> [WHAT TO WORK ON]:
Could you output the whole listing exactly as it stands, minus any images?

> [GIVEN DATA]:
== Segment start ==

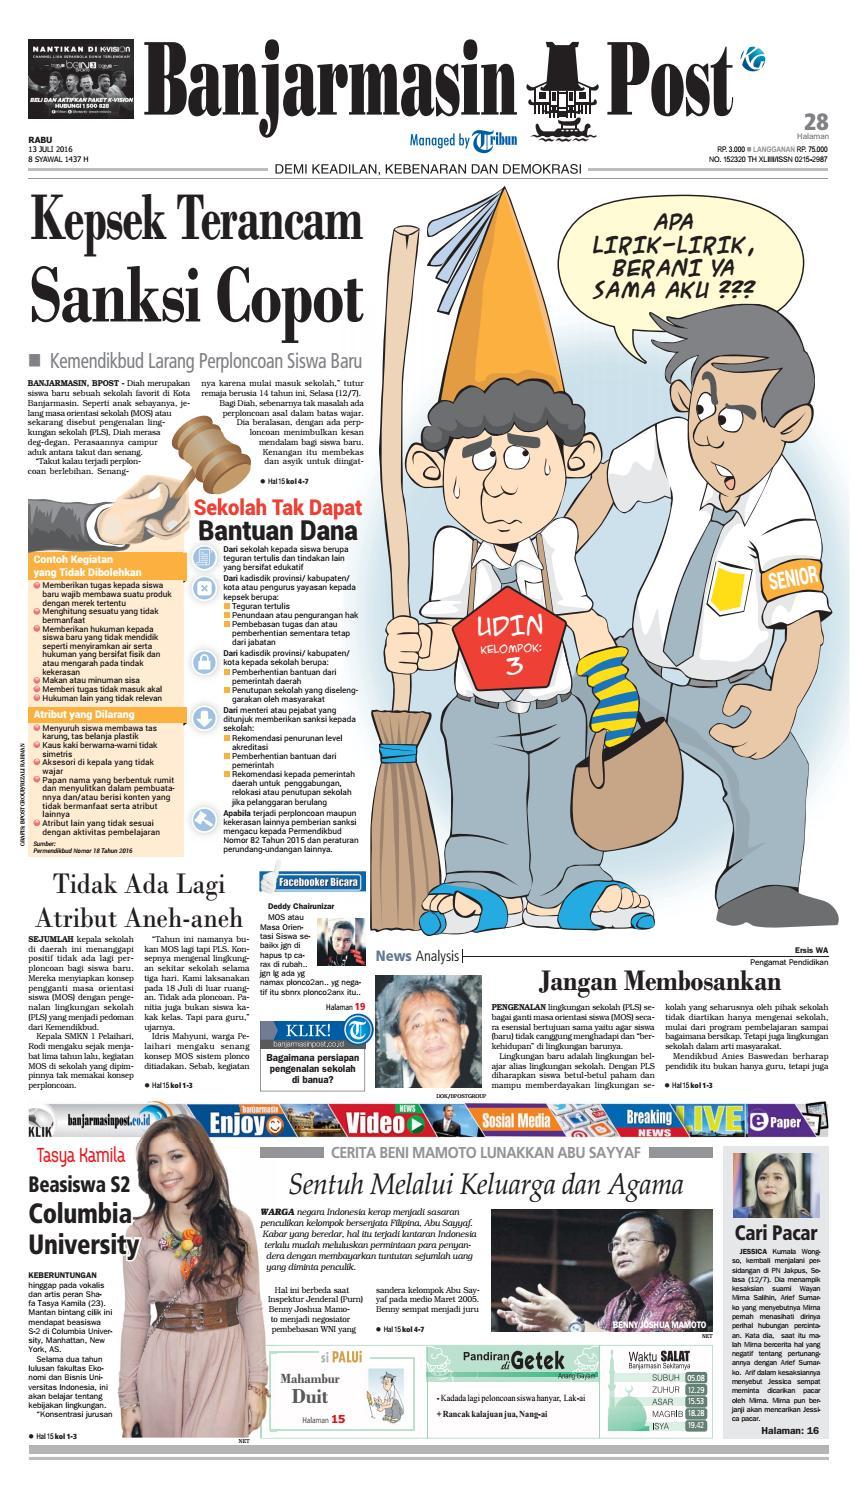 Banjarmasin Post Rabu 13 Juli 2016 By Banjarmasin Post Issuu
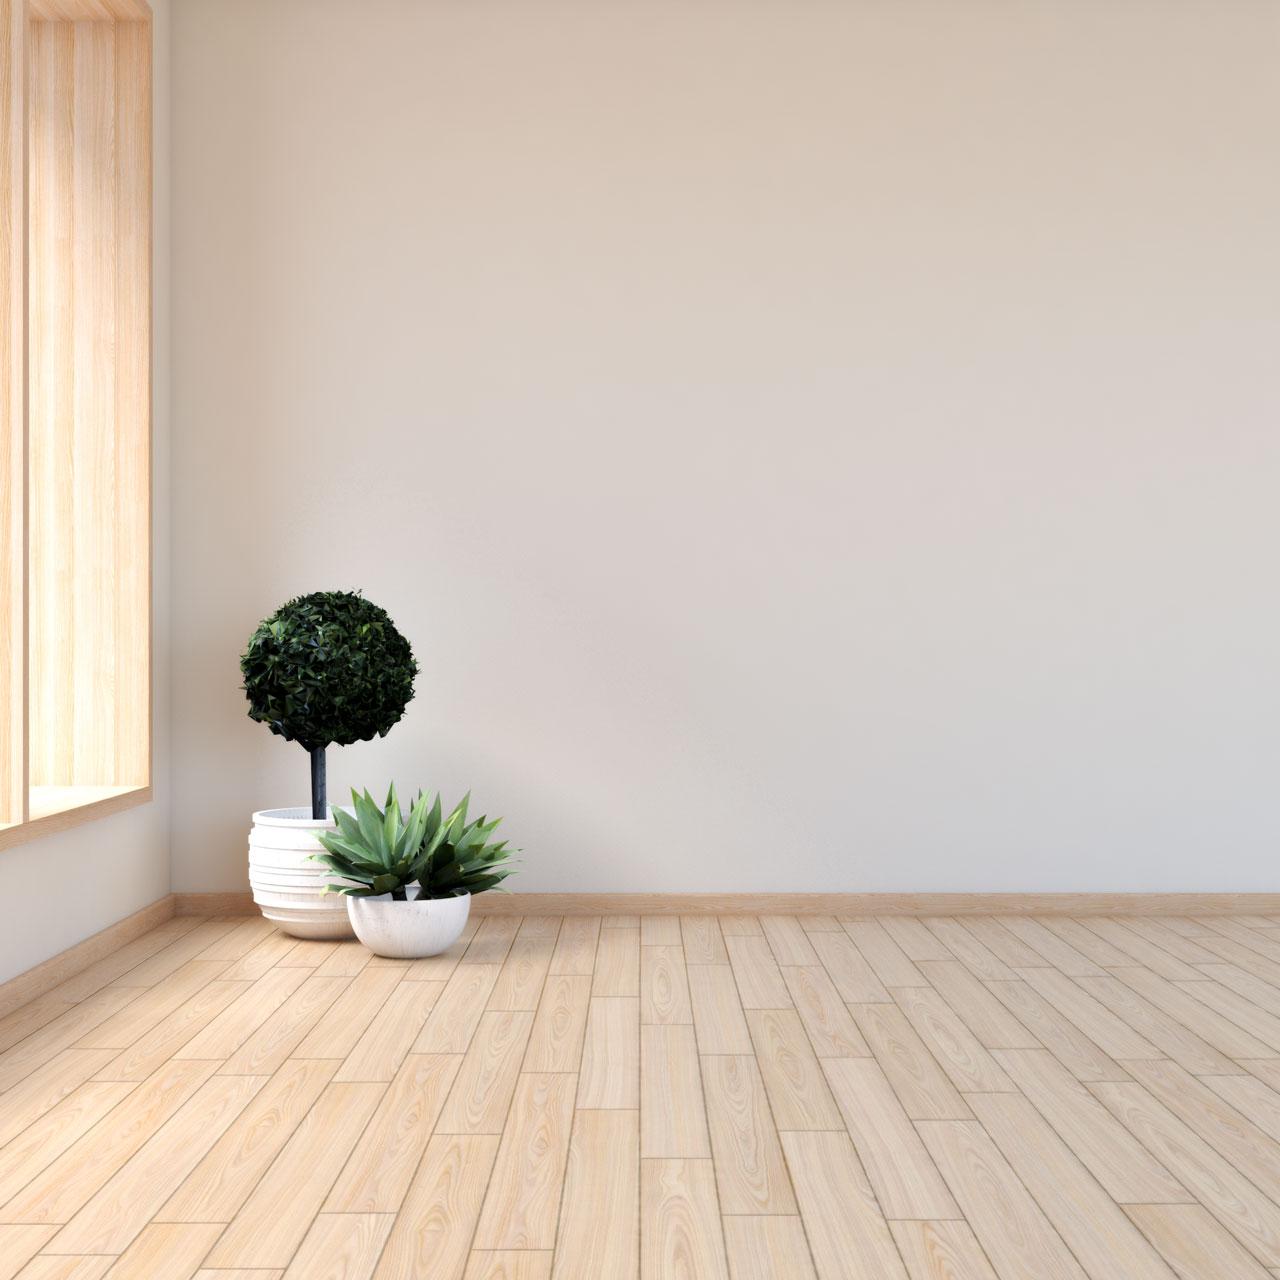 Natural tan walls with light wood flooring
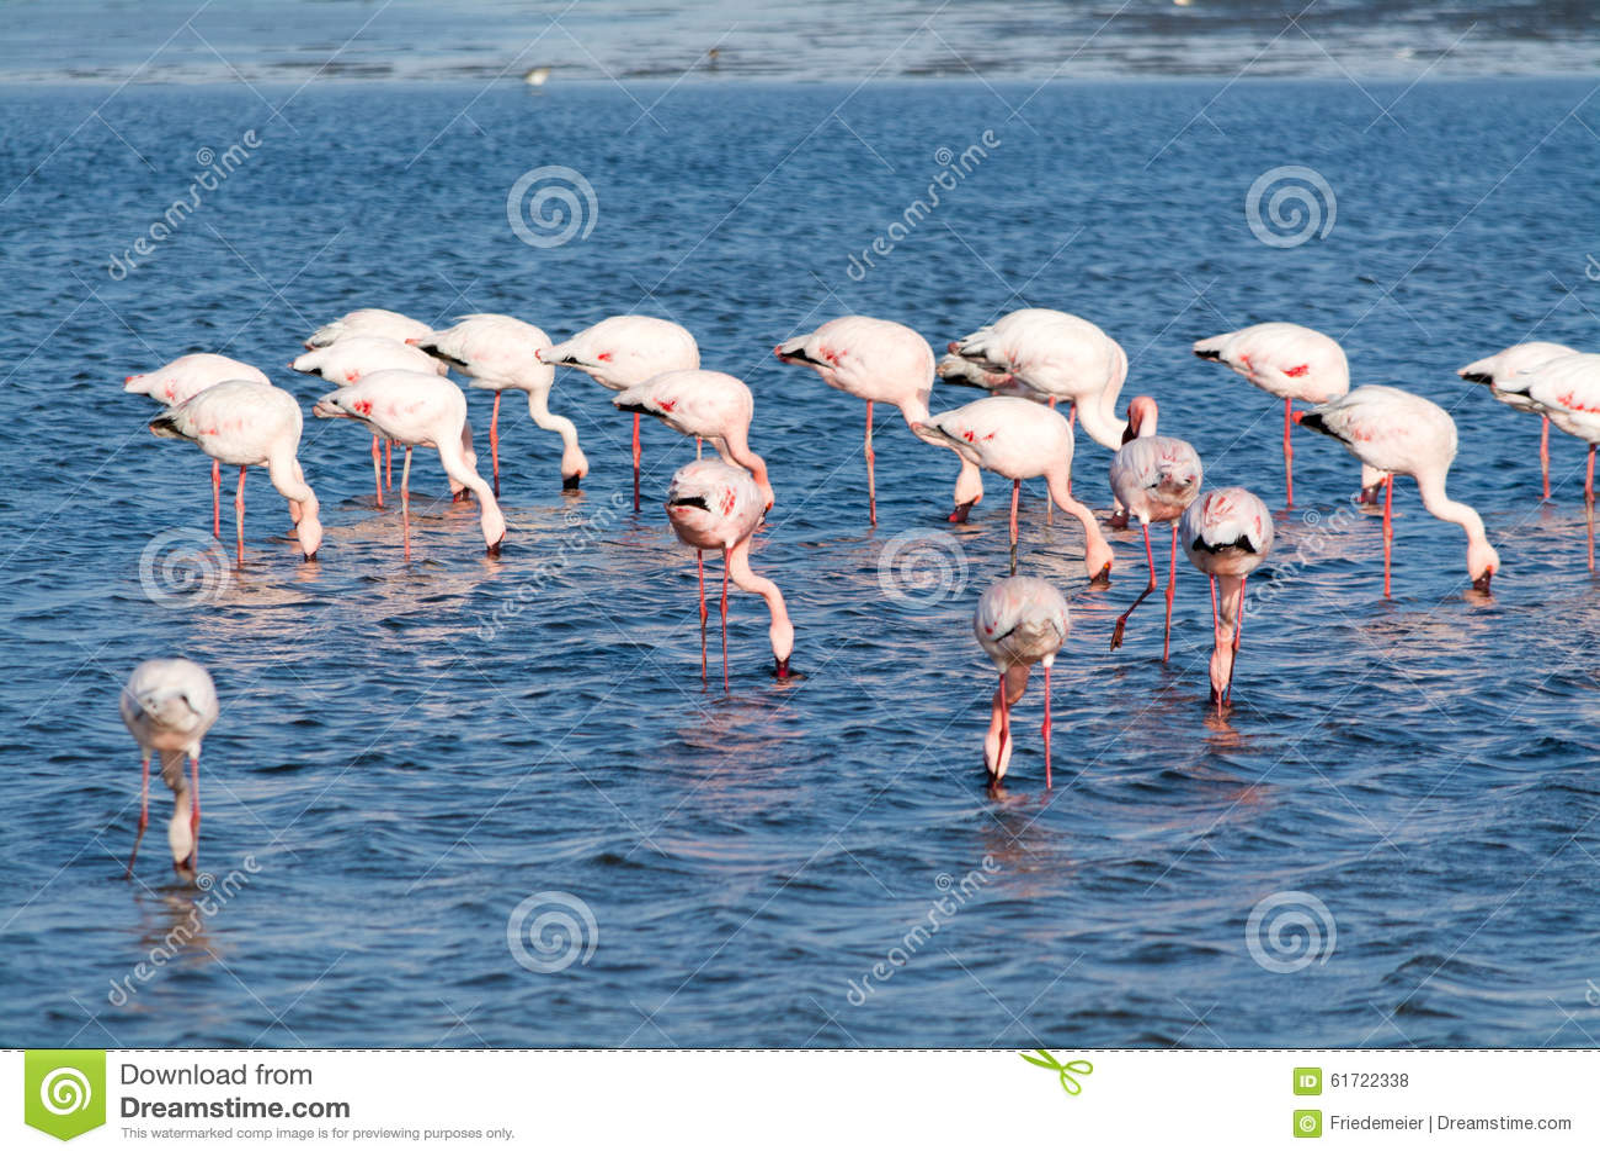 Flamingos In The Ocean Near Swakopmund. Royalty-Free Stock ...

== Segment end ==

> [RESPONSE BOX]:
 Banjarmasin Post Rabu 13 Juli 2016 By Banjarmasin Post Issuu
 Natural tan walls with light wood flooring
 Flamingos In The Ocean Near Swakopmund. Royalty-Free Stock ...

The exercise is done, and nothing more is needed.